Question

Calculate the pH of a solution made by adding 59 g of sodium acetate, NaCH3COO, to 23 g of acetic acid, CH3COOH, and dissolving in water to make 400. mL of solution. Hint given in feedback.

Answer 1

This is an incomplete question, here is a complete question.

Calculate the pH of a solution made by adding 59 g of sodium acetate, NaCH₃COO, to 23 g of acetic acid, CH₃COOH, and dissolving in water to make 400. mL of solution. Hint given in feedback.

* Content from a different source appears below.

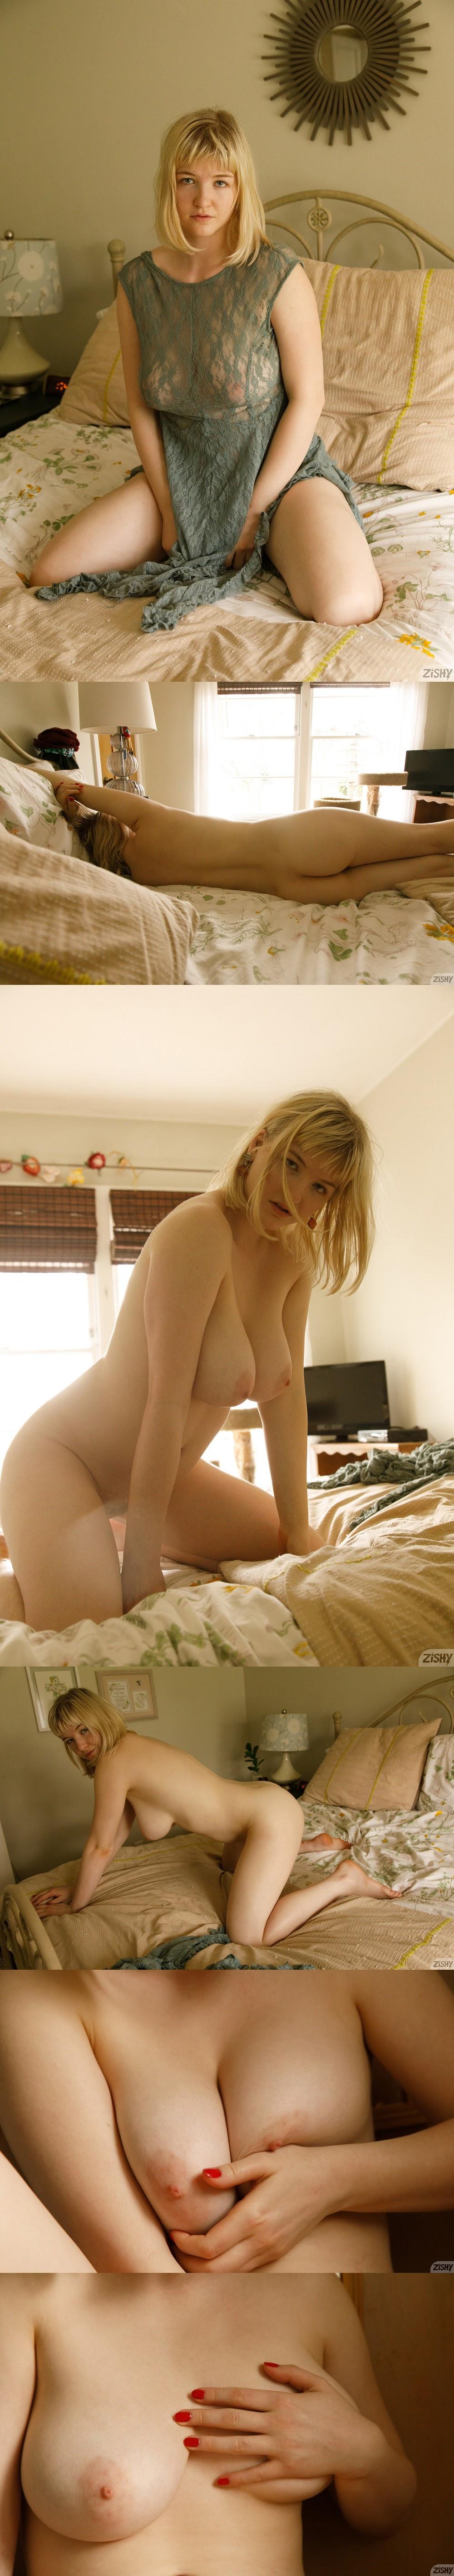 [Zishy] Vicky Chandler - Nature Is Gangsta 1624281371_full_016_1114144729173940

The Ka for CH₃COOH is 1.8 x 10⁻⁵ M. As usual, report pH to 2 decimal places.

Answer : The pH of the solution is, 4.97

Explanation :

First we have to calculate the moles of CH₃COOH and NaCH₃COO

`\text{Moles of }CH_3COOH=\frac{\text{Given mass }CH_3COOH}{\text{Molar mass }CH_3COOH}=(23g)/(60g/mol)=0.383mol`

and,

`\text{Moles of }CH_3COONa=\frac{\text{Given mass }CH_3COONa}{\text{Molar mass }CH_3COOH}=(59g)/(82g/mol)=0.719mol`

Now we have to calculate the value of
`pK_a`.

The expression used for the calculation of
`pK_a` is,

`pK_a=-\log (K_a)`

Now put the value of
`K_a` in this expression, we get:

`pK_a=-\log (1.8* 10^(-5))`

`pK_a=5-\log (1.8)`

`pK_a=4.7`

Now we have to calculate the pH of the solution.

Using Henderson Hesselbach equation :

`pH=pK_a+\log ([Salt])/([Acid])`

`pH=pK_a+\log ([CH_3COONa])/([CH_3COOH])`

Now put all the given values in this expression, we get:

`pH=4.7+\log ((0.719)/(0.383))`

(As the volume is same. So, we can write concentration in terms of moles.)

`pH=4.97`

Therefore, the pH of the solution is, 4.97